Silent - with the usual health warning that different things work for different people, can I suggest going more slowly, and making a connection between each image and the one after it? So think of snow on top of the next image (say, an elephant), which is then trampling on the next image, and so on. I can’t promise it’ll work, but that’s the kind of thing I do, and once you’ve practiced it a bit, it’s easy to speed up.

(Ben Pridmore) #55

Simon - that doesn’t really strike me as particularly fast. :slight_smile:

Actually, when I first watched the start of the video I thought Ron was gabbling away nineteen to the dozen, and I was sure to sound slow by comparison, but I can see what you mean about my own speed too. Still, I’m not sure it counts as a talent, but thanks!


Are you still willing to send your book? Not sure how to send a private message :stuck_out_tongue:

(Ben Pridmore) #57

Yes, I still send the ‘book’ to anyone who asks. I see you’ve figured out the private message system now - anybody else wanting a copy, just PM me with your email address and I’ll send it to you.


Hey Ben, I’m pretty much a beginner here even though I became interested in memory years ago. I keep losing interest when I hit plateaus but that’s not really what I’m gonna ask about since you’ve already answered a related question.
I was wondering how you just decided to design your own system for memory. What made you think that a 2-digit system wasn’t good enough? How did you find the motivation to think of that many images? And when you were finding images for your system, would you spend a long time considering each one to have the most memorable possible image for each number, or did you just fill it up as fast as possible and assume the images would become easy to use and recall with practice? How much did you practice per day before tournaments? (this has probably been asked but it’s not on this page). And finally, could you give an estimate of how many journeys you have for memorizing items?

(Ben Pridmore) #59

The reason for expanding my system was to cope with the one-hour marathon disciplines at memory championships. If you’re memorising a thousand-digit number with a simple two-digit-image system, each image will show up on average five times. It’s even worse with cards - if you’re using one card to an image and trying to memorise ten packs of cards, each image will appear ten times. Which is just way too confusing.

Most people got around that with a person-action-object system or similar, which reduces the repetition, but I wanted to stick with the simplicity of just having one image for each combination, and the freedom to associate them together however I wanted. So the only option was to go for a system with a whole lot of images in it.

As for creating the images, mostly it was just the first one I thought of. As I recall, I drew up a blank list of all the combinations, and filled in the first word that came to mind. At first I left a lot of blanks, but then when I had a three-day weekend to spare I forced myself to sit down and go through the whole list, writing down a word for each blank space. I never really thought about scientifically coming up with the most memorable image, or even about making sure no two images are too similar.

My ‘ideal’ training schedule (which I’ve never really stuck to since 2004, but which I still think of as the kind of thing I would do if only I could be bothered) was to do an hour of speed cards/numbers on weekday evenings after work, and then over the weekend do hour numbers, hour cards and 30-minute binary.
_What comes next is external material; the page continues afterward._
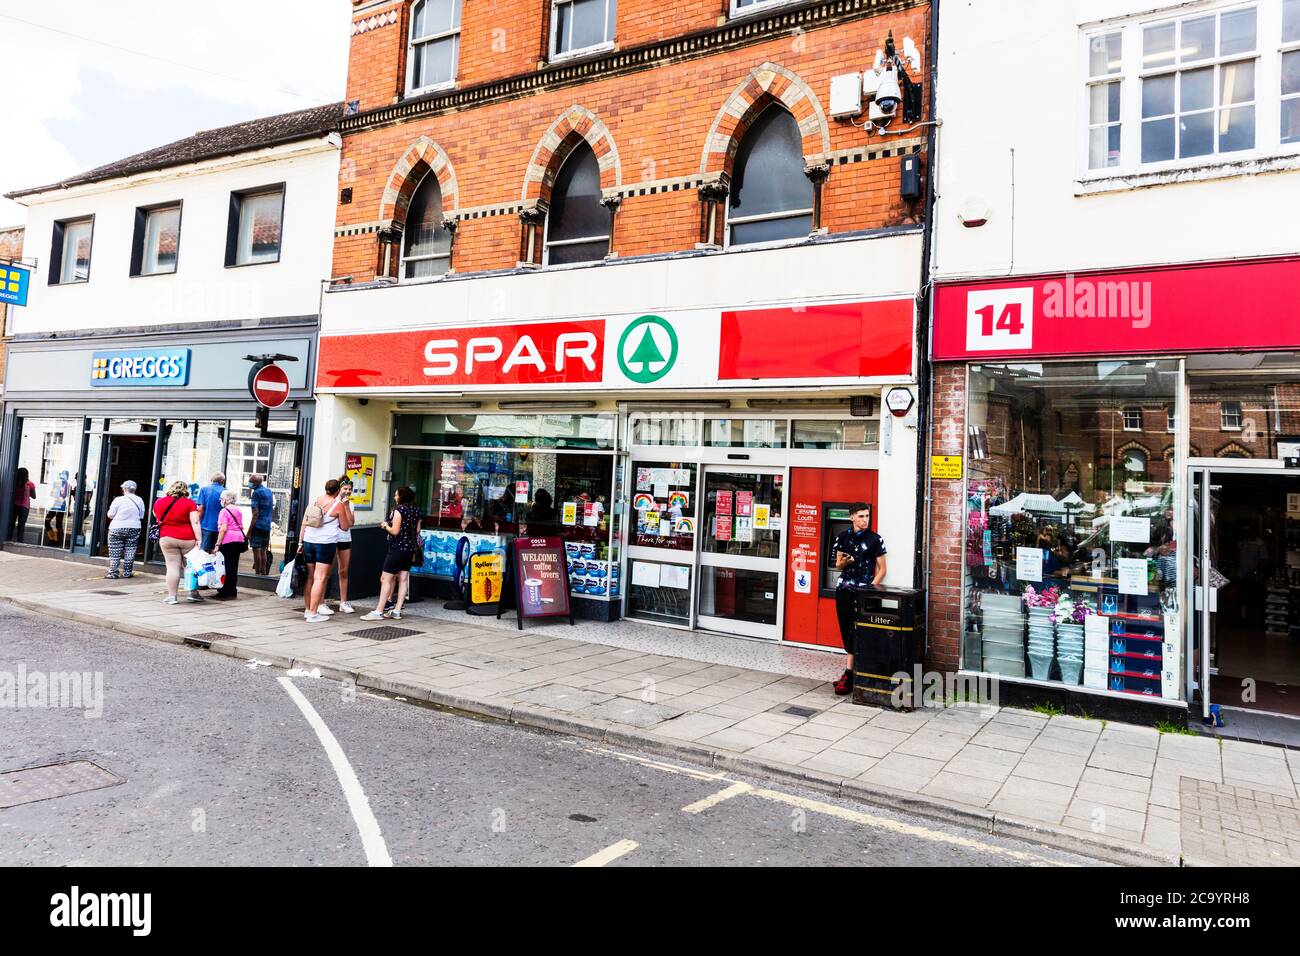 Spar, spar shop, spar shop front, spar sign, spar logo, spar, spar supermarket, spar store, Louth, Lincolnshire, UK, England, shop, store, sign, logo, Stock Photo
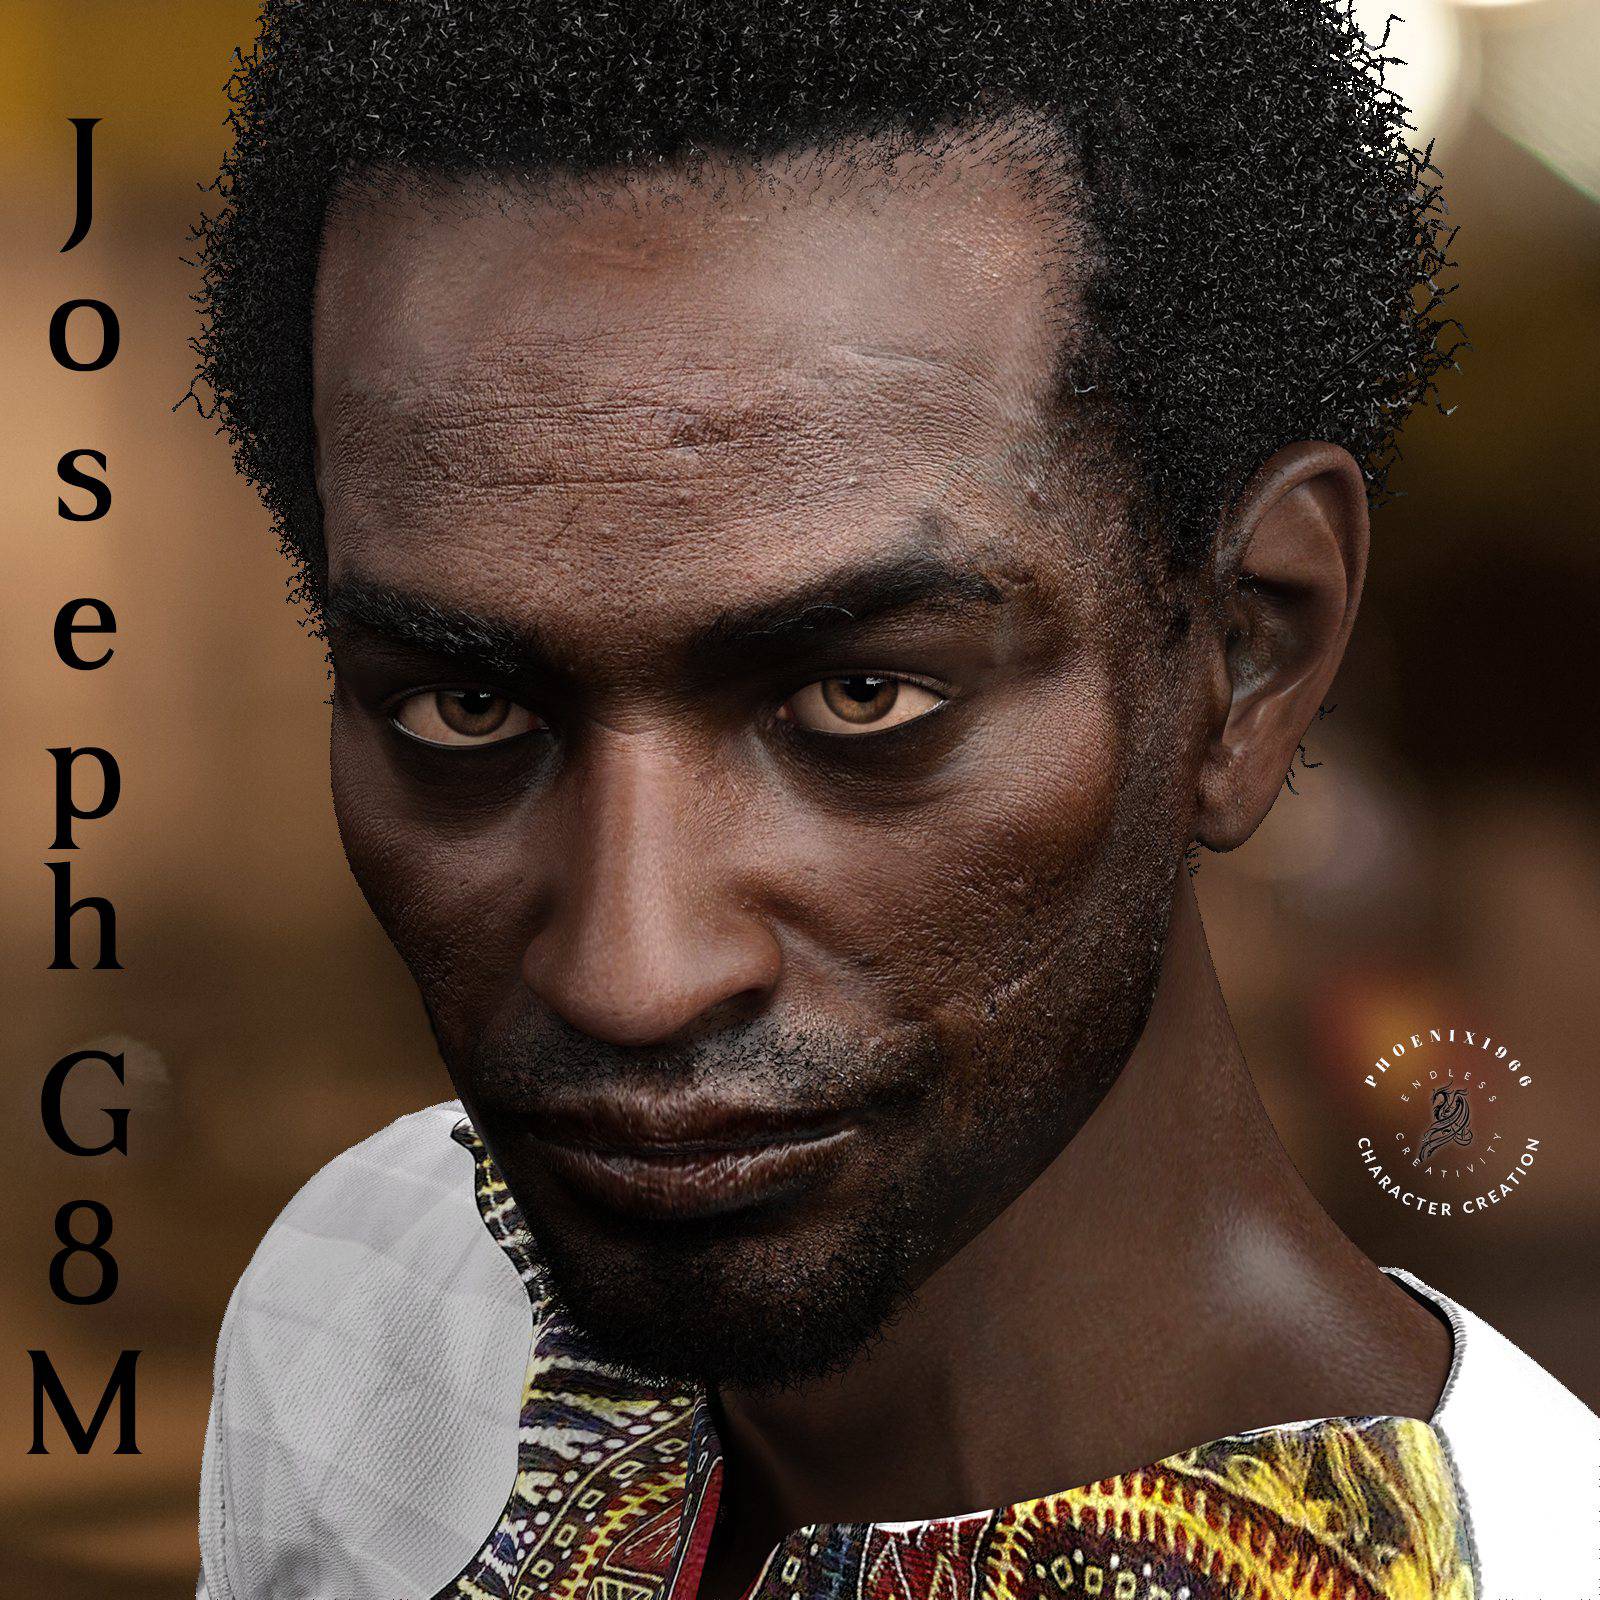 Phx Joseph for Genesis 8 Male_DAZ3D下载站

Back in the olden days, very few people ever trained at the marathons, but I’ve always said it’s essential - it gets your mind accustomed to concentrating on one thing for long periods of time.

I’ve got 62 journeys that I use at the moment - each has 26 locations, for the simple reason that when I first started out, it took 26 locations to memorise a pack of cards. Nowadays I fit three packs on one journey, or the awkward number of 234 digits, or 780 binary (so one page and one line of the next).


Makes sense why you’d need a system like that. I’ve never tried any of the one-hour disciplines myself so I wouldn’t get how that feels (yet).
I’ve always struggled with getting images that match perfectly. I’ve even tried switching old but memorable images just because they didn’t really fit the major system or were only poorly linked to the word I was associating with the number. For example, I had “Law” for 5 in my system which I immediately associated with Hitman 47 disguised as a judge and it worked really well, but I replaced it later for no reason.